#### [Work task]
Your answer must consist solely of the lines from the start of the entries below through the line with "Three Track and", unchanged.
-----
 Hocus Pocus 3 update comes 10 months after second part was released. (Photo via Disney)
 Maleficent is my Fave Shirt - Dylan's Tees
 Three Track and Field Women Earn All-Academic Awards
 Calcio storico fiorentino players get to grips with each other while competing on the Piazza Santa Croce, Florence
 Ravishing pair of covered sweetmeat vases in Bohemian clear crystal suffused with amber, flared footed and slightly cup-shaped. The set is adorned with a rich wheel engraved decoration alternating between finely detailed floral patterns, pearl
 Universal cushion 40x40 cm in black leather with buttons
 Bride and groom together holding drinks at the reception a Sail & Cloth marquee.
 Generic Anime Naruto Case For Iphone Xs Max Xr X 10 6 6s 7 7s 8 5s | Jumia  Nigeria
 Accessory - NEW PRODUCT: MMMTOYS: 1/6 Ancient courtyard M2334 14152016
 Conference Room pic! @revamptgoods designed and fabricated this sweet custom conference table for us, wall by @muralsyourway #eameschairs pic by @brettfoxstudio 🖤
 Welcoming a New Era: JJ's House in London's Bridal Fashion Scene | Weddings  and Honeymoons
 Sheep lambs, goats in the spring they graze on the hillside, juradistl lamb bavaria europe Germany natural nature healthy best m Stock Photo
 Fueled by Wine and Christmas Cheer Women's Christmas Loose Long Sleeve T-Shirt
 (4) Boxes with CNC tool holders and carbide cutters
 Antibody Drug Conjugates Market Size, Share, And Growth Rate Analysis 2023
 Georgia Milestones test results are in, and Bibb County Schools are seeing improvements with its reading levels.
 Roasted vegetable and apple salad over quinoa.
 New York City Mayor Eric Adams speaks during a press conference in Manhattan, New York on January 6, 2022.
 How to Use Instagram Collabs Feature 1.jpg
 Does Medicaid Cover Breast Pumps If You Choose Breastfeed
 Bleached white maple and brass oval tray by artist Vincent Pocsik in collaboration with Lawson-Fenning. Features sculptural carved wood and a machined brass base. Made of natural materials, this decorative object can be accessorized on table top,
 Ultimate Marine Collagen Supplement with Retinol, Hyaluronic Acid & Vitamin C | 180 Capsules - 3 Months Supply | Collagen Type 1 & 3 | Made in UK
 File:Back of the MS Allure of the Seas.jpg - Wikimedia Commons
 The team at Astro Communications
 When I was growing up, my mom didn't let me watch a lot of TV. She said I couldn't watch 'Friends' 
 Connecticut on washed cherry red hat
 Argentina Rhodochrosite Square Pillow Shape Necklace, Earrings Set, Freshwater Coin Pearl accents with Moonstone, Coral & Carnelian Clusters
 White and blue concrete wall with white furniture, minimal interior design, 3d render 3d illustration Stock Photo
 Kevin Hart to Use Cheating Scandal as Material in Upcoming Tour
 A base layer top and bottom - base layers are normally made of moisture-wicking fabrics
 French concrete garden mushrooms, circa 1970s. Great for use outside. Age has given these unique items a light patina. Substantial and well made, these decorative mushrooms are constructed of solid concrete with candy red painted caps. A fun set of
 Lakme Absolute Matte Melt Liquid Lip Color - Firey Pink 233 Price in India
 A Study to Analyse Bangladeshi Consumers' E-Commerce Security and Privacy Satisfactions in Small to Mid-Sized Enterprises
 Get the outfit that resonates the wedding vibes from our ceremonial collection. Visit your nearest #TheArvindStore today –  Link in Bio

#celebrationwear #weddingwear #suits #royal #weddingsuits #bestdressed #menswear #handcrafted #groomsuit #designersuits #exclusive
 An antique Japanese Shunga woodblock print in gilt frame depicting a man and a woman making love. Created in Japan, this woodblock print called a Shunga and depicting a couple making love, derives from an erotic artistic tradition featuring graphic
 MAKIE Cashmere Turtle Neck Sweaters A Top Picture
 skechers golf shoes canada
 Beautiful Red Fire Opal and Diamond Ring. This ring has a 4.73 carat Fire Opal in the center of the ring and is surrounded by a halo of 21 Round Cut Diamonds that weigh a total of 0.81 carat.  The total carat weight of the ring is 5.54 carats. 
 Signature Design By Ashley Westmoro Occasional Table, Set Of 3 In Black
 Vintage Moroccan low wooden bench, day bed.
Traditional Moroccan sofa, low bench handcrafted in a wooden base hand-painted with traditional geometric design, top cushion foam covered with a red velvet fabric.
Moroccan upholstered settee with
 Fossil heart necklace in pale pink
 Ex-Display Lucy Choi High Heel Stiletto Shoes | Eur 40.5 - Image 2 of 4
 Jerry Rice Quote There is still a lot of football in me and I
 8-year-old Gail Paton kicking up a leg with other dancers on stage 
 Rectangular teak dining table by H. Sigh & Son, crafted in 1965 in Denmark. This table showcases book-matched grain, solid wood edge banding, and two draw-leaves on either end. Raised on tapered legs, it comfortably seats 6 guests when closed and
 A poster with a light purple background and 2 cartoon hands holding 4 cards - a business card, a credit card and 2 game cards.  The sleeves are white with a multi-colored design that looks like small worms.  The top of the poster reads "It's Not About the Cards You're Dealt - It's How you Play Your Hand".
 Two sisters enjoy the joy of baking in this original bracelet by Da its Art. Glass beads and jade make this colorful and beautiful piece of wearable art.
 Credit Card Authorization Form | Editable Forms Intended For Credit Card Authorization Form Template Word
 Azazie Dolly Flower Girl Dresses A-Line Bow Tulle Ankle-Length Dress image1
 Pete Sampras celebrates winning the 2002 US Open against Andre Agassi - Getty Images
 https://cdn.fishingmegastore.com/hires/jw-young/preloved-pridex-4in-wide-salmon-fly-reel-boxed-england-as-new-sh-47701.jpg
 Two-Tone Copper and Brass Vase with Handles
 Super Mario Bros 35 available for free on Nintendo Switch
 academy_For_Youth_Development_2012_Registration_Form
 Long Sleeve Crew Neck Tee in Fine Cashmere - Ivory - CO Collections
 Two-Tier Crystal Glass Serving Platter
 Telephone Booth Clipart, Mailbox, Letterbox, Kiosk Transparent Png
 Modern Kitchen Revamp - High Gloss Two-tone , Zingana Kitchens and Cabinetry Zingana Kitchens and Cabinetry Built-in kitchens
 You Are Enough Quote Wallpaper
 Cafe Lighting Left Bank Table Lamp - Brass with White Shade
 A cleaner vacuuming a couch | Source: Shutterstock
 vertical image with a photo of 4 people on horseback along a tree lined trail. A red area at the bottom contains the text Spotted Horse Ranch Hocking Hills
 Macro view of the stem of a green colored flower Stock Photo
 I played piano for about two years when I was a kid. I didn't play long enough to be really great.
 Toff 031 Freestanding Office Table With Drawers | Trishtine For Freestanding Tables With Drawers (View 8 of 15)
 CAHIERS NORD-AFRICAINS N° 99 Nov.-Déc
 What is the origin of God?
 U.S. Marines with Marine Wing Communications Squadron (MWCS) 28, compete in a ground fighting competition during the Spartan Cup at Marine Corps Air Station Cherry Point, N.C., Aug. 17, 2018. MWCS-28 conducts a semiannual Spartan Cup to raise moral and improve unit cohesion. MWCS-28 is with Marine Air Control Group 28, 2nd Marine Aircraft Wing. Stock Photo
-----
#### [Your solution]
 Hocus Pocus 3 update comes 10 months after second part was released. (Photo via Disney)
 Maleficent is my Fave Shirt - Dylan's Tees
 Three Track and Field Women Earn All-Academic Awards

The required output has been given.